That doesn't seem very good. Let's plot it to see what's going on.

import matplotlib.pyplot as plt

def plot_transformer_loss(loss_history, val_loss_history):

    # Two horizontal figures side-by-side
    fig, (ax1, ax2) = plt.subplots(1, 2, figsize=(12, 4))

    # First plot = training loss
    ax1.plot(loss_history, lw=0.5)
    # Plot moving average of loss
    window_size = 100
    ax1.plot(np.convolve(loss_history, np.ones(window_size) / window_size, mode='valid'), label='Moving average')
    ax1.set_xlabel('Iteration')
    ax1.set_ylabel('Cross-entropy Loss')
    ax1.set_title('Training Loss')
    ax1.legend()

    # Second plot = validation loss
    # Set marker style to be circles at each data point
    indices = np.arange(0, len(val_loss_history) * eval_interval, eval_interval)
    ax2.plot(indices, val_loss_history, marker='o')
    ax2.set_title('Validation Loss')
    ax2.set_xlabel('Iteration')

    plt.show()

plot_transformer_loss(train_loss_history, val_loss_history)

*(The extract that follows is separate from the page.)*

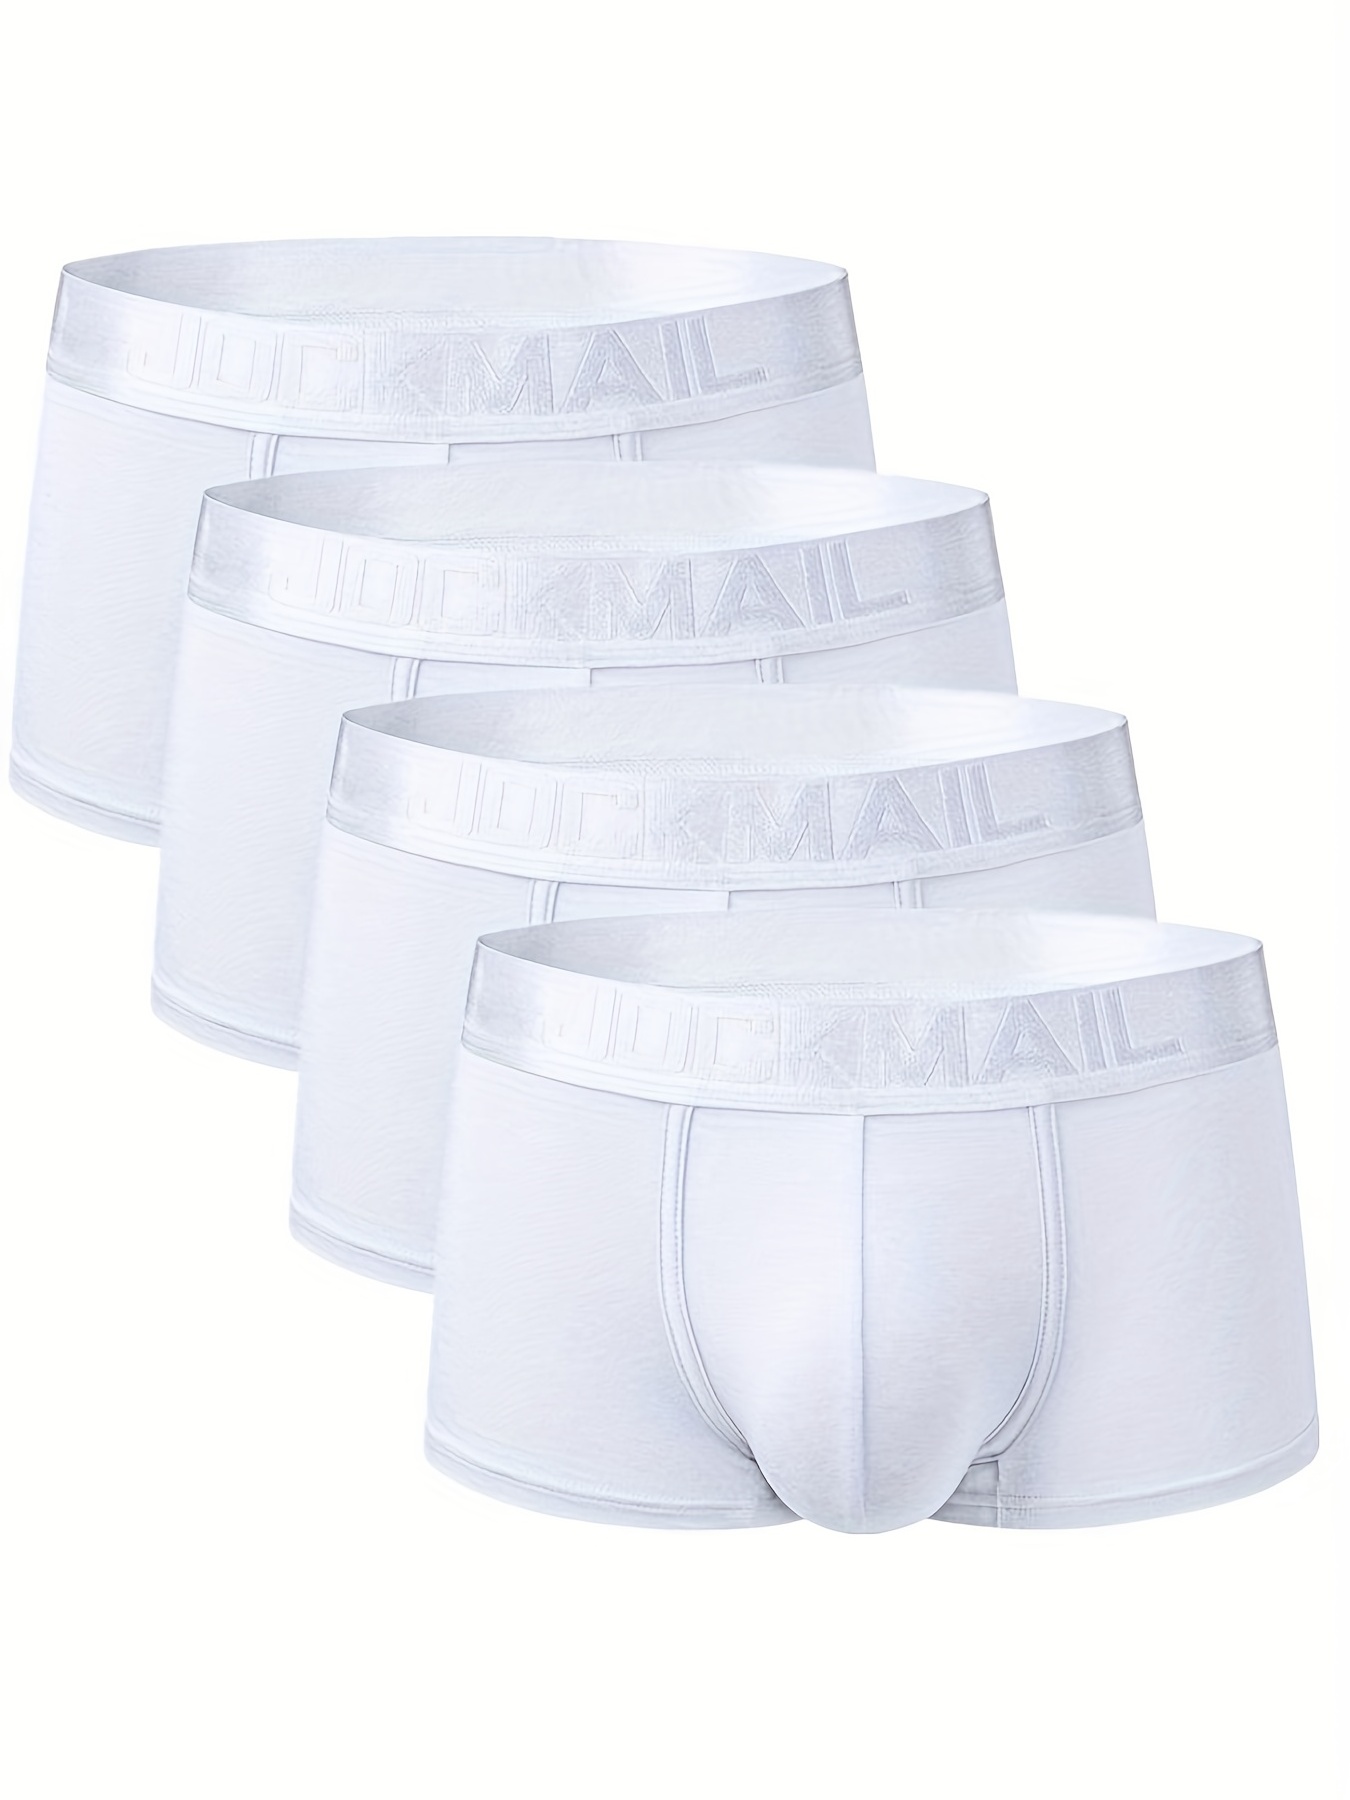 JOCKMAIL Men's Cotton Briefs Sexy High Cut Sport Panties Low-waist

Initial losses for our transformer trained on the tic-tac-toe data (image by author).

We can play the transformer using this code to see if it's any good:

import random
import torch
from IPython.display import clear_output

def play_game(model, stoi, itos, device):
    game = TicTacToe()

    # Randomly decide who goes first
    game.current_player = random.choice(['X', 'O'])

    while game.check_winner() is None and not game.is_draw():
        #clear_output(wait=True)

        print(f"{game.current_player}'s turn.")
        game.pretty_print_board()

        current_board_str = game.get_board_string()

        if game.current_player == 'X':
            print("Model's turn...")
            current_board_encoded = torch.tensor([stoi[c] for c in current_board_str], dtype=torch.long).unsqueeze(0).to(device)
            logits, _ = model(current_board_encoded)

            # Move logits to cpu
            logits = logits.cpu()

            # Create a mask for legal moves and zero out logits for illegal moves
            legal_moves = game.get_legal_moves()
            mask = torch.zeros(9)
            mask[legal_moves] = 1
            masked_logits = logits * mask

            # Get the model's move
            predicted_move = masked_logits.argmax(dim=-1).item()

            # Make the model's move
            game.make_move(predicted_move)

        else:
            print("Your turn!")
            legal_moves = game.get_legal_moves()
            print("Legal moves:", legal_moves)

            user_move = int(input("Enter your move: "))
            if user_move in legal_moves:
                game.make_move(user_move)
            else:
                print("Illegal move. Try again.")
                continue

        winner = game.check_winner()
        if winner is not None:
            #clear_output(wait=True)
            print(f"{winner} wins!")
            game.pretty_print_board()
            break
        elif game.is_draw():
            #clear_output(wait=True)
            print("It's a draw!")
            game.pretty_print_board()
            break

O's turn.
- | - | -
- - - - - 
- | - | -
- - - - - 
- | - | -
Your turn!
Legal moves: [0, 1, 2, 3, 4, 5, 6, 7, 8]
X's turn.
- | - | -
- - - - - 
- | - | -
- - - - - 
- | - | O
Model's turn...
O's turn.
- | - | X
- - - - - 
- | - | -
- - - - - 
- | - | O
Your turn!
Legal moves: [0, 1, 3, 4, 5, 6, 7]
X's turn.
O | - | X
- - - - - 
- | - | -
- - - - - 
- | - | O
Model's turn...
O's turn.
O | - | X
- - - - - 
X | - | -
- - - - - 
- | - | O
Your turn!
Legal moves: [1, 4, 5, 6, 7]
O wins!
O | - | X
- - - - - 
X | O | -
- - - - - 
- | - | O

Okay, so I easily beat the model. Something is going wrong.

Improving the transformer

So at the moment, the transformer can't even reliably learn the simple winning moves from any given position. I can think of a few reasons for this:

The transformer is only training on the winning moves, so maybe it's not learning how to play when I play a decent strategy that means no winning moves are available. Theoretically, to counter this we should allow it to train on moves when the game is pre-destined to be a draw.
The transformer is overparametrised. Trying to get a few hundred thousand neurons to coordinate a simple strategy may take a long time to train and rely on grokking and other phenomenon to get into a generalisable part of the optimisation landscape.
The transformer is underparametrised. Maybe it needs more neurons to learn a good strategy. Saying this, I very much doubt that scaling up to a few million neurons will help if a few hundred thousand doesn't do the job.

State-space analysis

Before I move on, I want to analyse the number of neurons theoretically required to encode the entire winning strategy for tic-tac-toe, we need to consider the state space of the game and the complexity of the decision-making process.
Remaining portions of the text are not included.